Advocating a Componential Appraisal Model to Guide Emotion Recognition

Marcello Mortillaro (University of Geneva, Switzerland), Ben Meuleman (Swiss Center for Affective Sciences - University of Geneva, Switzerland) and Klaus R. Scherer (Swiss Center for Affective Sciences–University of Geneva, Switzerland)
Copyright: © 2012 |Pages: 15
DOI: 10.4018/jse.2012010102
Most models of automatic emotion recognition use a discrete perspective and a black-box approach, i.e., they output an emotion label chosen from a limited pool of candidate terms, on the basis of purely statistical methods. Although these models are successful in emotion classification, a number of practical and theoretical drawbacks limit the range of possible applications. In this paper, the authors suggest the adoption of an appraisal perspective in modeling emotion recognition. The authors propose to use appraisals as an intermediate layer between expressive features (input) and emotion labeling (output). The model would then be made of two parts: first, expressive features would be used to estimate appraisals; second, resulting appraisals would be used to predict an emotion label. While the second part of the model has already been the object of several studies, the first is unexplored. The authors argue that this model should be built on the basis of both theoretical predictions and empirical results about the link between specific appraisals and expressive features. For this purpose, the authors suggest to use the component process model of emotion, which includes detailed predictions of efferent effects of appraisals on facial expression, voice, and body movements.
Three Theoretical Perspectives On Emotion

Most research on emotion expression implicitly or explicitly used a discrete emotion perspective (Scherer, Clark-Polner, & Mortillaro, 2011) and the same is true for automatic emotion recognition systems. Discrete emotion theory has been formulated on the basis of findings concerning few intense emotions –called basic emotions – that are expected to have prototypical facial expressions and emotion-specific physiological signatures (Ekman, 1992, 1999; Ekman, Levenson, & Friesen, 1983; Ekman, Sorenson, & Friesen, 1969). This theory dominated the field for decades and it is still the most widely used. There is robust evidence about the existence of some facial configurations that are cross-culturally labeled with the same emotion terms.
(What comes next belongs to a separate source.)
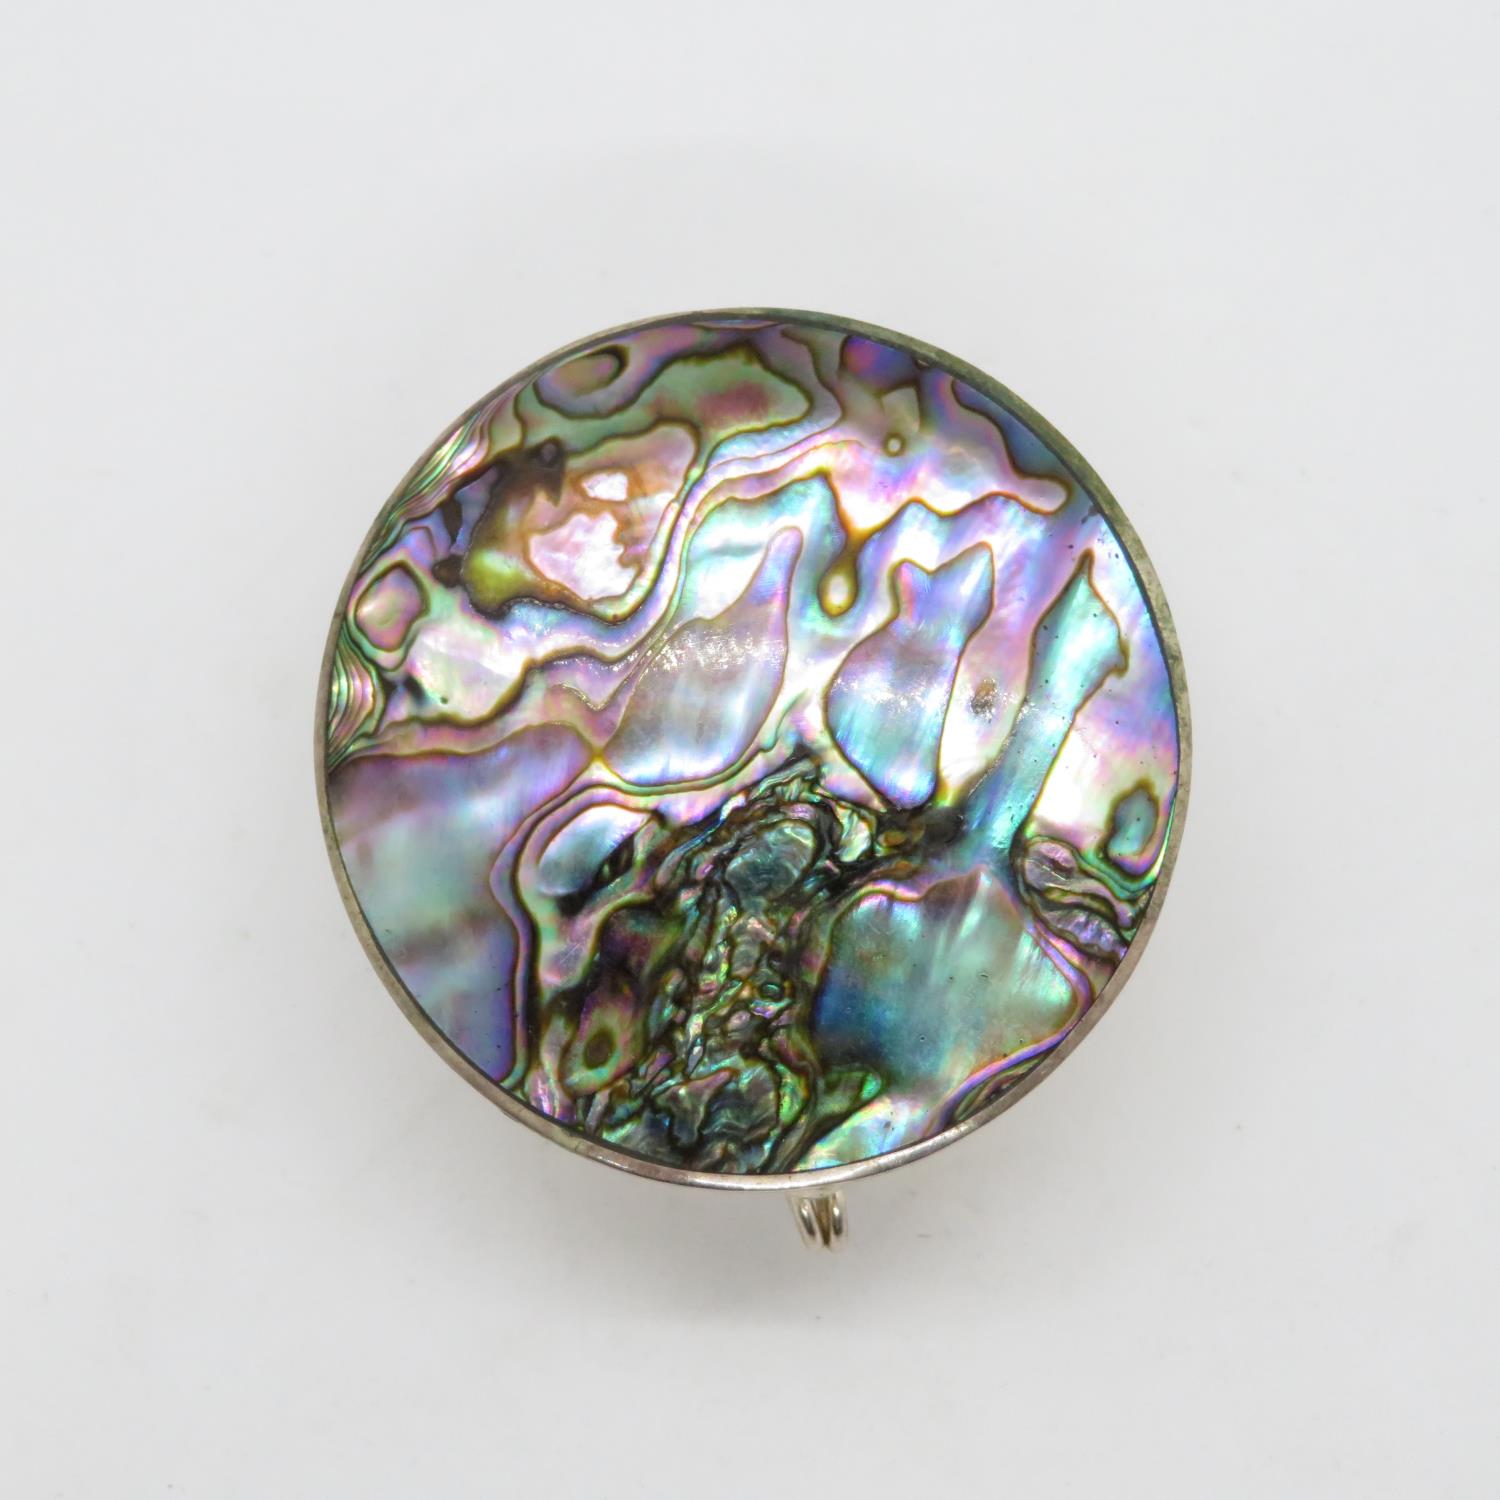 Silver and abalone shell trinket box - Image 2 of 3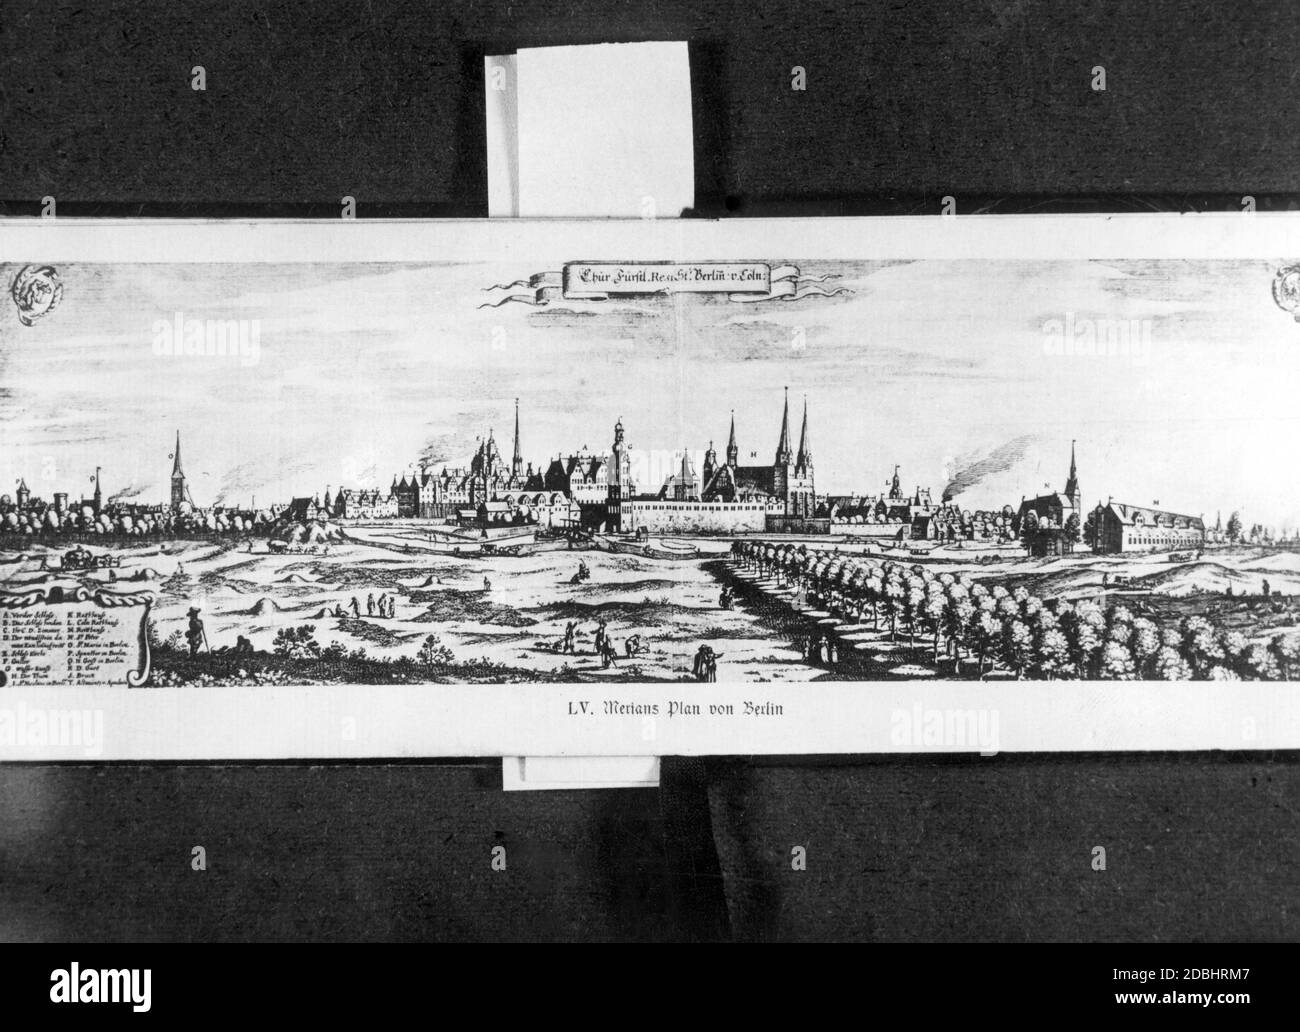 'The painting shows the cities of Berlin and Coelln (Alt-Koelln, today a part of Berlin) in 1652 according to a plan by Merian. In the foreground on the right are the beginnings of the street ''Unter den Linden'', on the left the Hundebruecke. In the background (from left): Spandauer Torturm (P), Heilige Geistkirche (Q), Marienkirche (O), Palace (A-G), Dome (H), Nikolaikirche (I), Koellnisches Rathaus (L), Petrikirche (N) and Reithaus or ''Langer Stall'' (M).' Stock Photo

However, several studies show that people frequently report the experience of emotional states that are not part of this set of basic emotions (Scherer & Ceschi, 2000; Scherer, Wranik, Sangsue, Tran, & Scherer, 2004), and, more importantly, that for spontaneous and enacted emotional expression, these complete prototypical expressions rarely occur (Naab & Russell, 2007; Russell & Fernandez-Dols, 1997; Scherer & Ellgring, 2007a). Discrete emotion theorists tried to solve these problems by suggesting the concept of emotion families (Ekman, 1992). An emotion family includes several lexically marked variations of basic emotions labels; all terms within a family share a common theme (characteristics unique to the family) and variations due to individual, cultural, and contextual factors. Nevertheless, it is not clear how these variations should be modeled and whether they can be identified from vocal or facial expressions.